The guard stepped through the doorway, not looking towards the prisoner but down at his watch.

The Emissary struck, the ghostly substance of her Temple Blade swiping the life from her quarry's head. The man fell, still fully armoured, as The Emissary shrieked out her spell.

The symbols on the wall burned with more power than the wards built into the cell could handle and blasted the concrete away. The Emissary smirked.

She muttered another incantation and her feet lifted from the ground.

There was no question as to the next course of action, "While she had failed in her duties, a crime punishable by death in the Temple, there could be no disobedience.

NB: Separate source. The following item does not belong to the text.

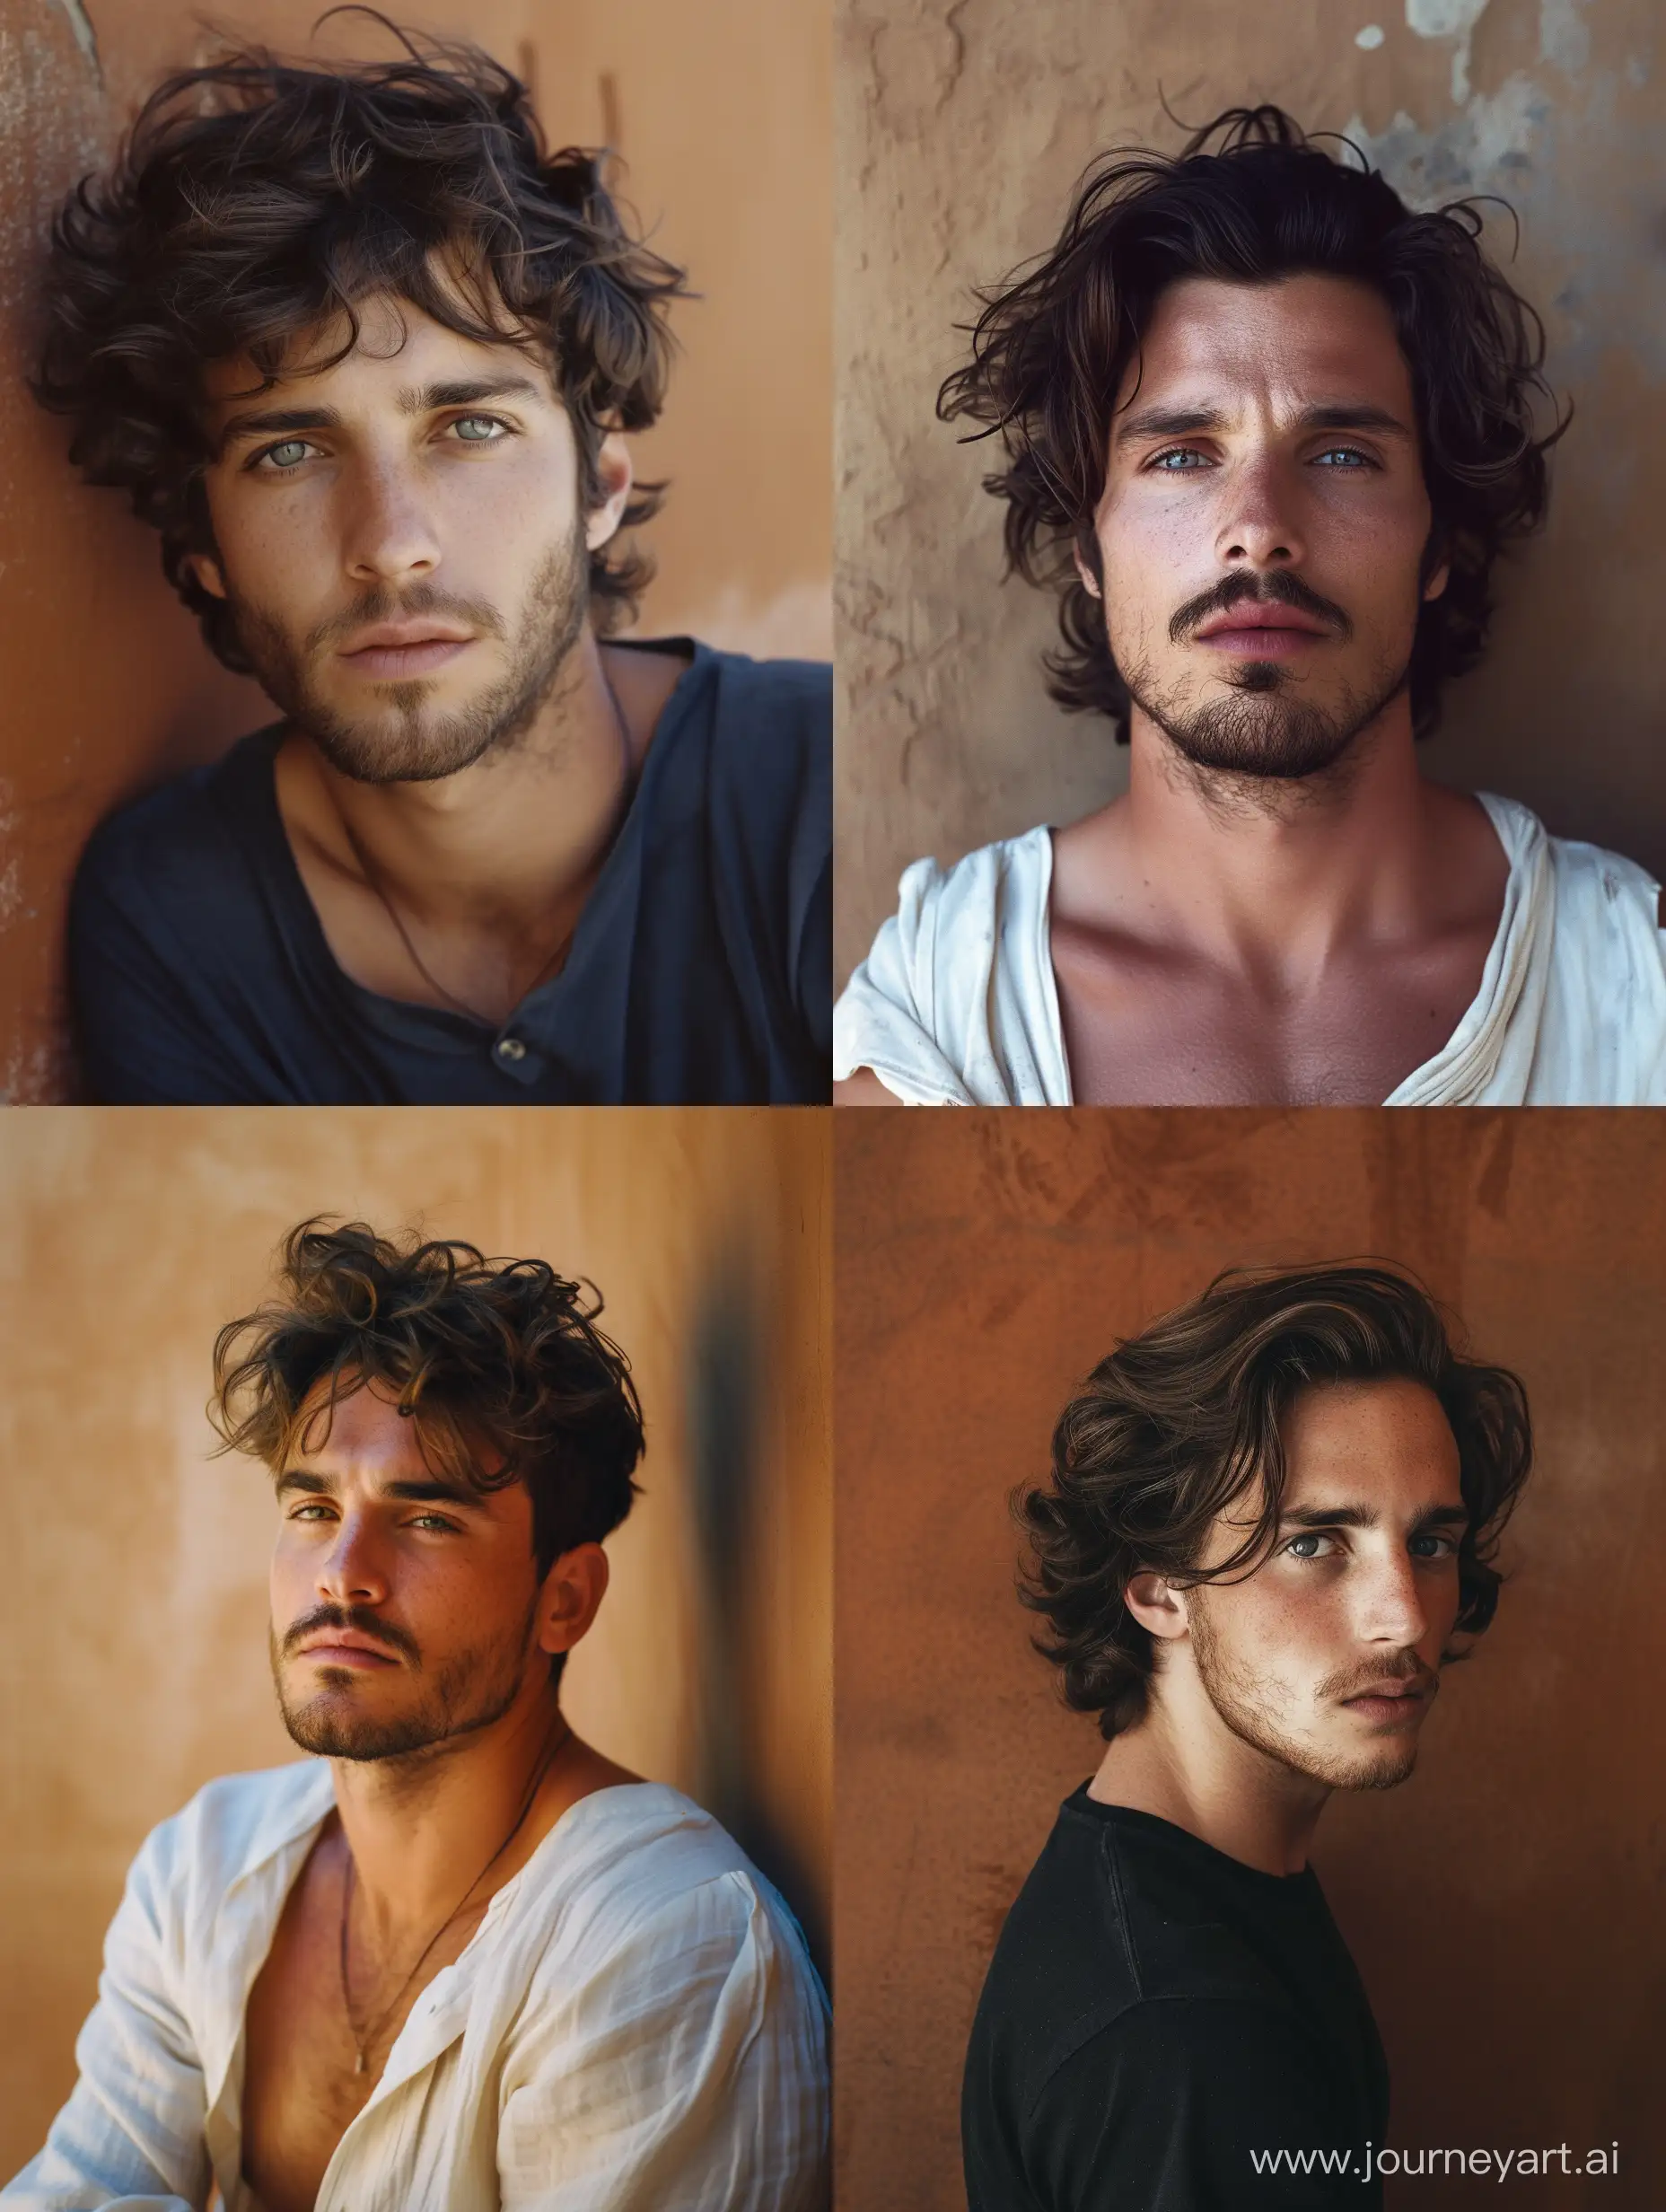 Stylish-Italian-Man-Portrait-against-Brown-Wall-in-Cinematic-Summer-Light

Now that she could be assured that the Temple was in fact occupying the same universe as her it could be contacted directly with a minimal number of sacrifices. She would open a portal to the Temple and call through reinforcements to capture the accursed daughter of the Lord Trigon.

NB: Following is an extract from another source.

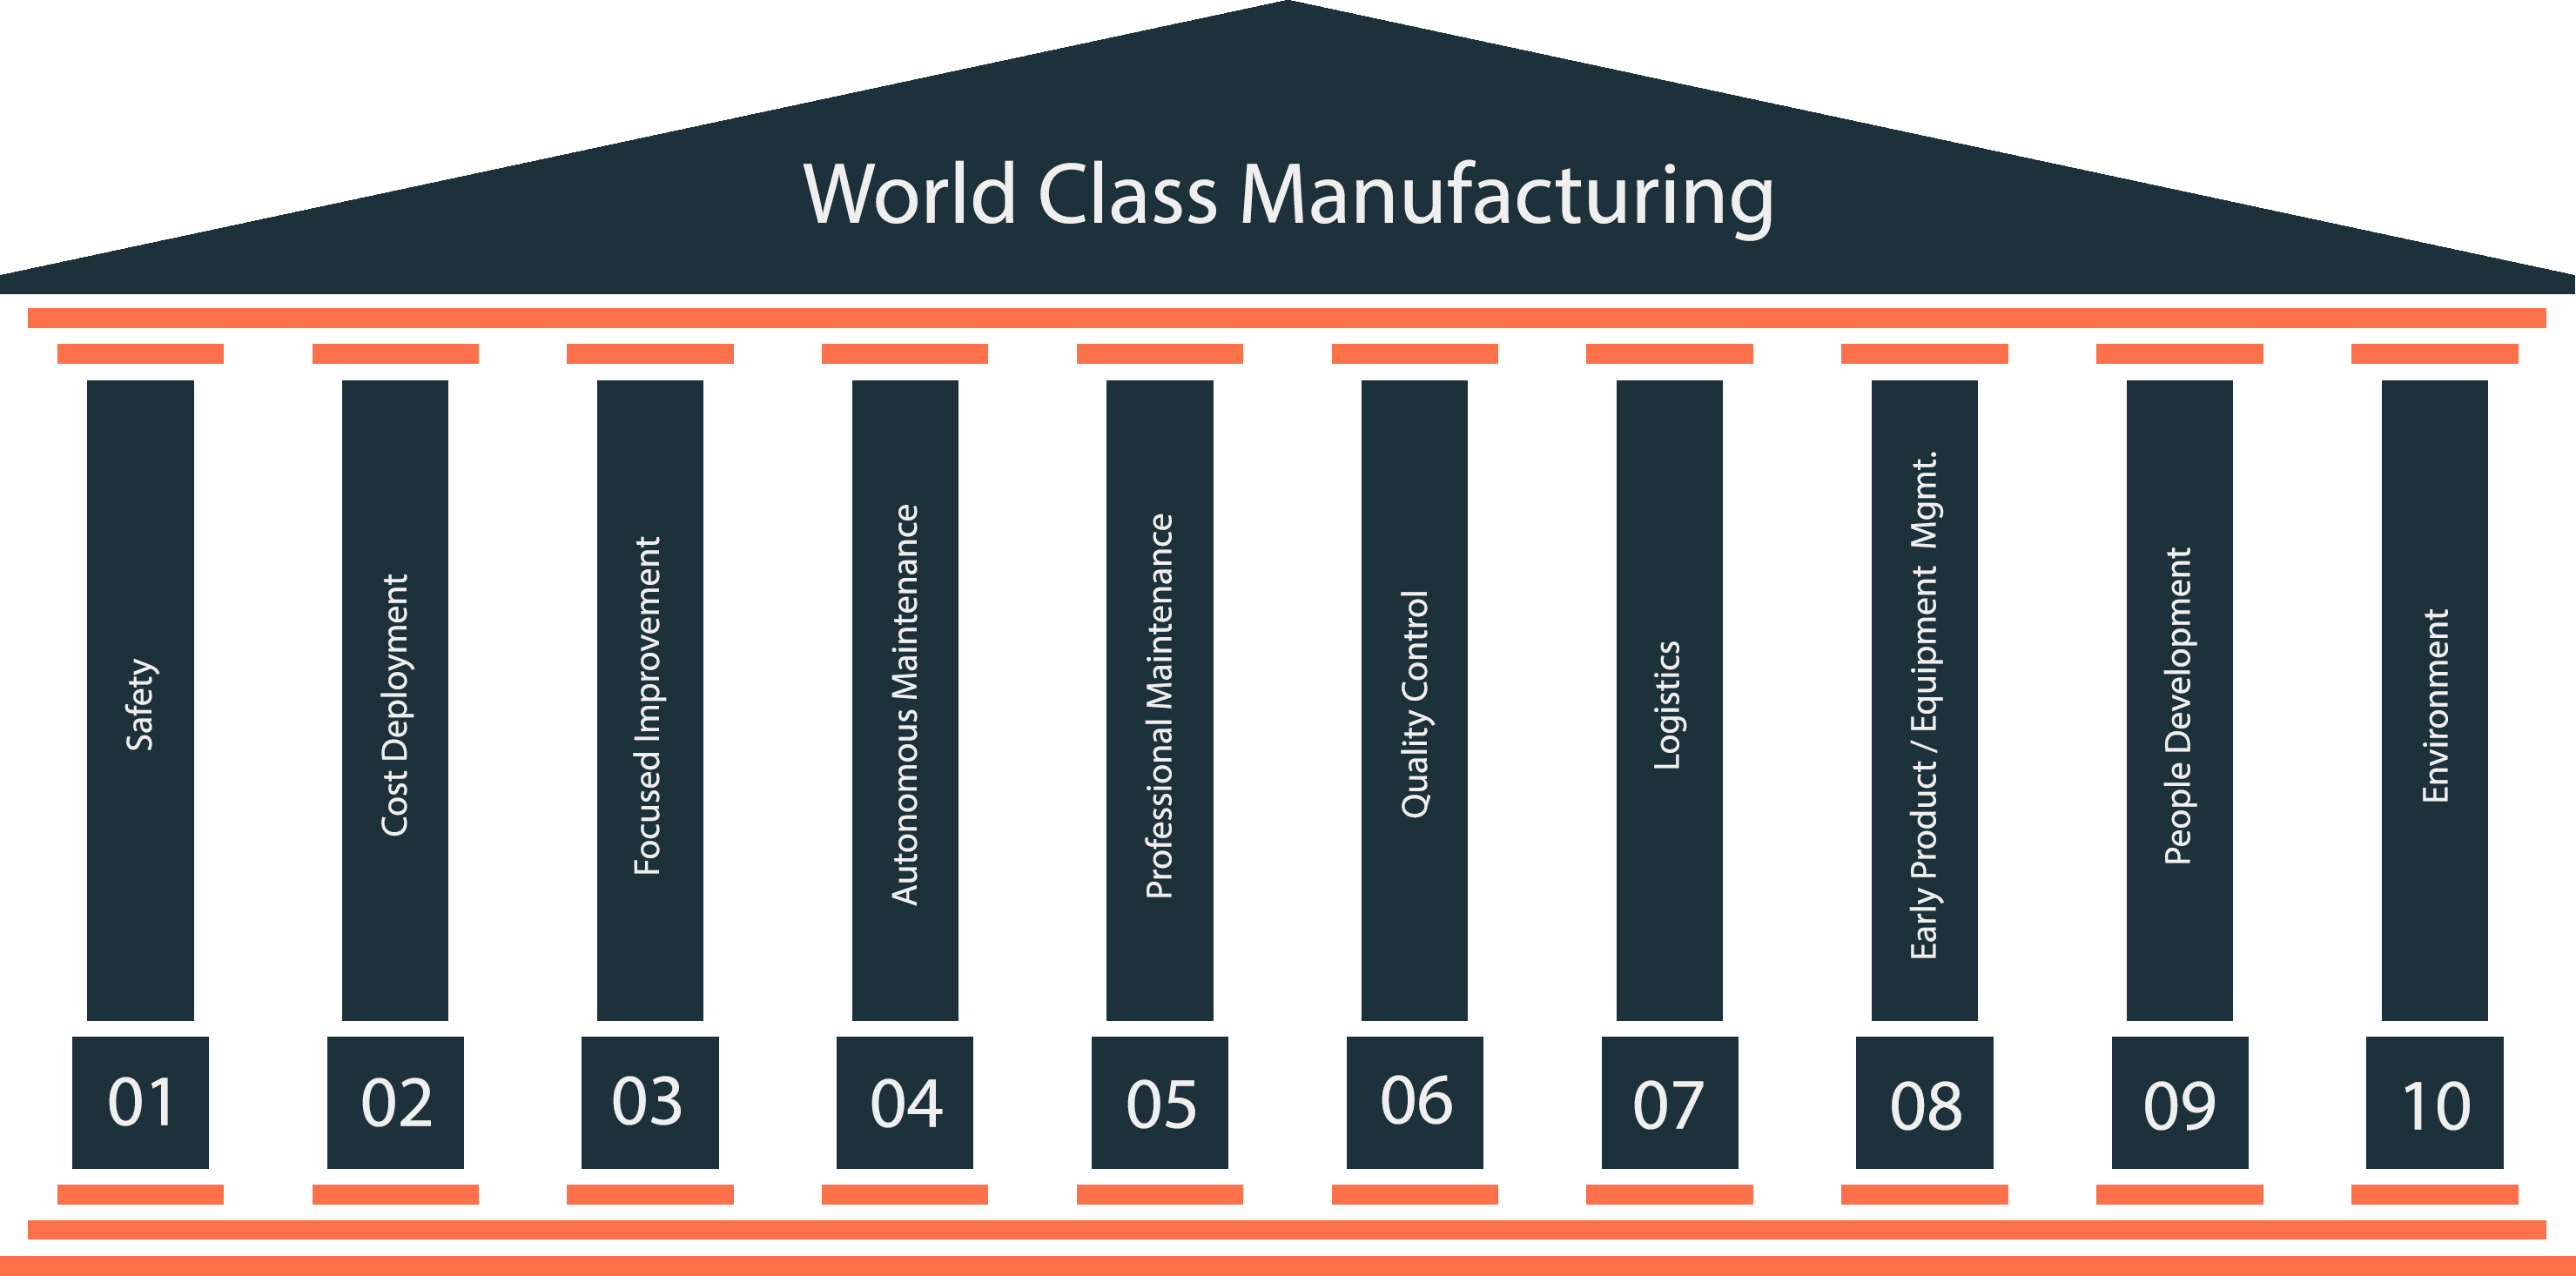 piliers de fabrication de classe mondiale

She chose a dirty district that obviously had a tiny or defective police complement.

She landed in a deserted side street, fragments of litter and general grime crowding the area between two blocks of flats.

She lay in wait by the entrance for the rest of the day, ensnaring anyone who walked by until by nightfall she had an eight strong crowd of people lying stunned in the alleyway.

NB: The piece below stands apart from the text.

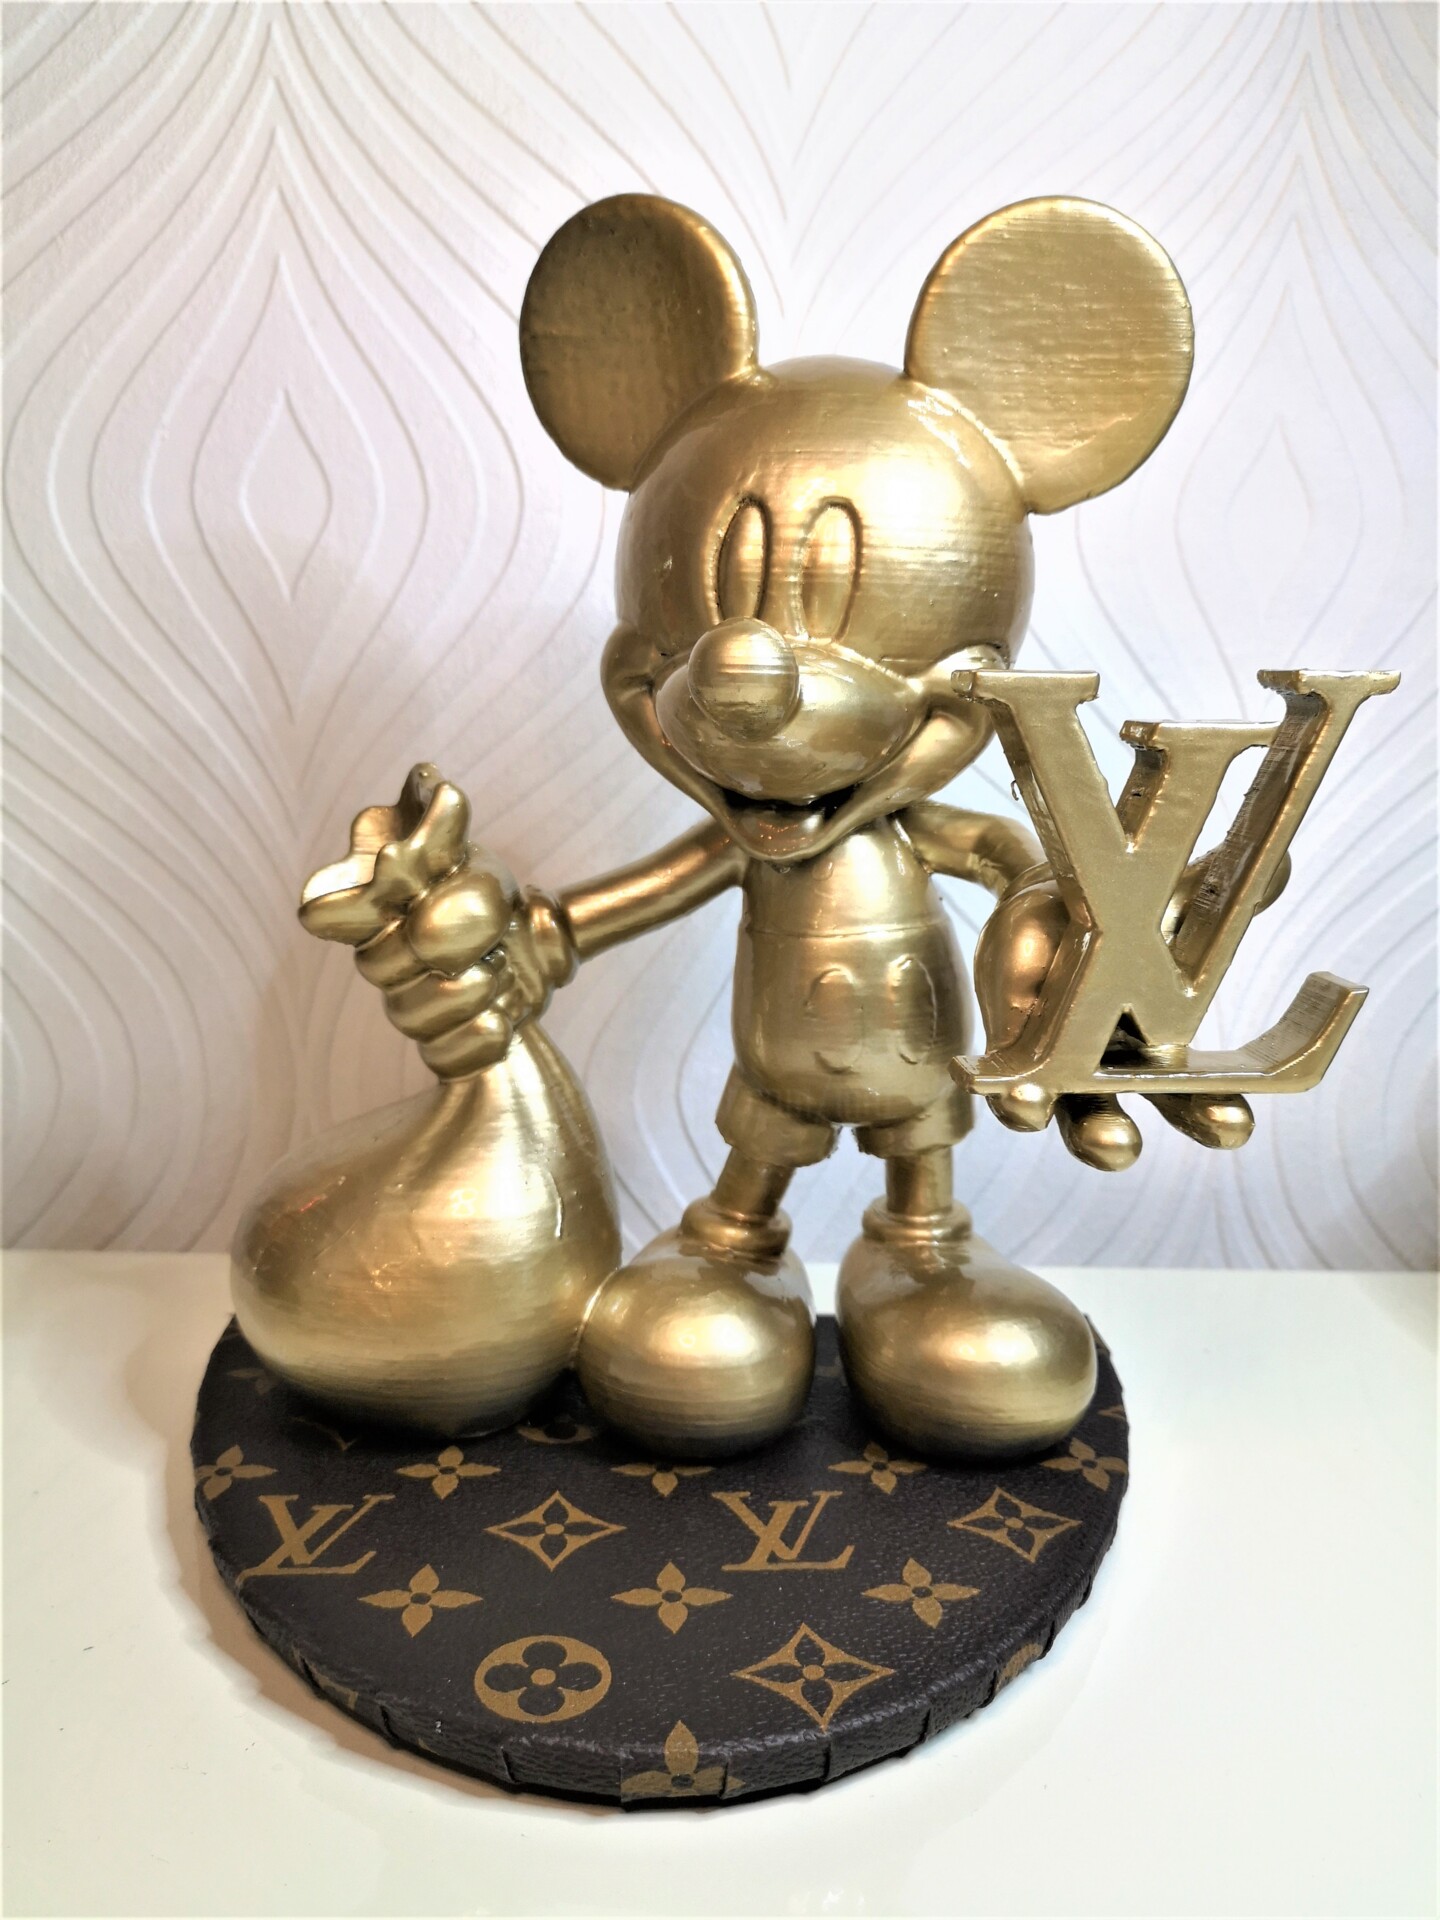 Louis Vuitton Mickey

She withdrew the chalk that she always carried, etching lines in the murky darkness, chanting as she did so.

The area was prepared, her incantations had been voiced, all that was needed now was power and the trigger.

Having no other weapon she summoned her Temple Blade up again, raising it to bring it swinging in a whirl that would pluck the lives and souls from each of her captives.

She whirled the weapon, its blade flowing in a swooping arc as the trigger incantation burst from her lips.

She felt the power rising, expanding to fill her form and grow on. She tore the fabric of fragile reality with ease delivered her message directly to the mind of the Grandmaster, opening a small, but physical, unlike the mental fracture before it, hole to mark her position. Soon the power faded and she was forced to conquer the hunger to slay more, more to rebuild the ecstasy of nigh omnipotence.

Her training saved her there and the rift into the space of the Temple blossomed suddenly open.

The Emissary cackled to see the foreboding buttresses and towers, but the laugh warped quickly into a strangled screaming shriek.

It was not column of grey robed Temple warriors that was moving out of the tear.

The Emissary raised her voice in prayer to her blasphemous deity, but for please went unanswered. She glanced up again and screamed her final scream.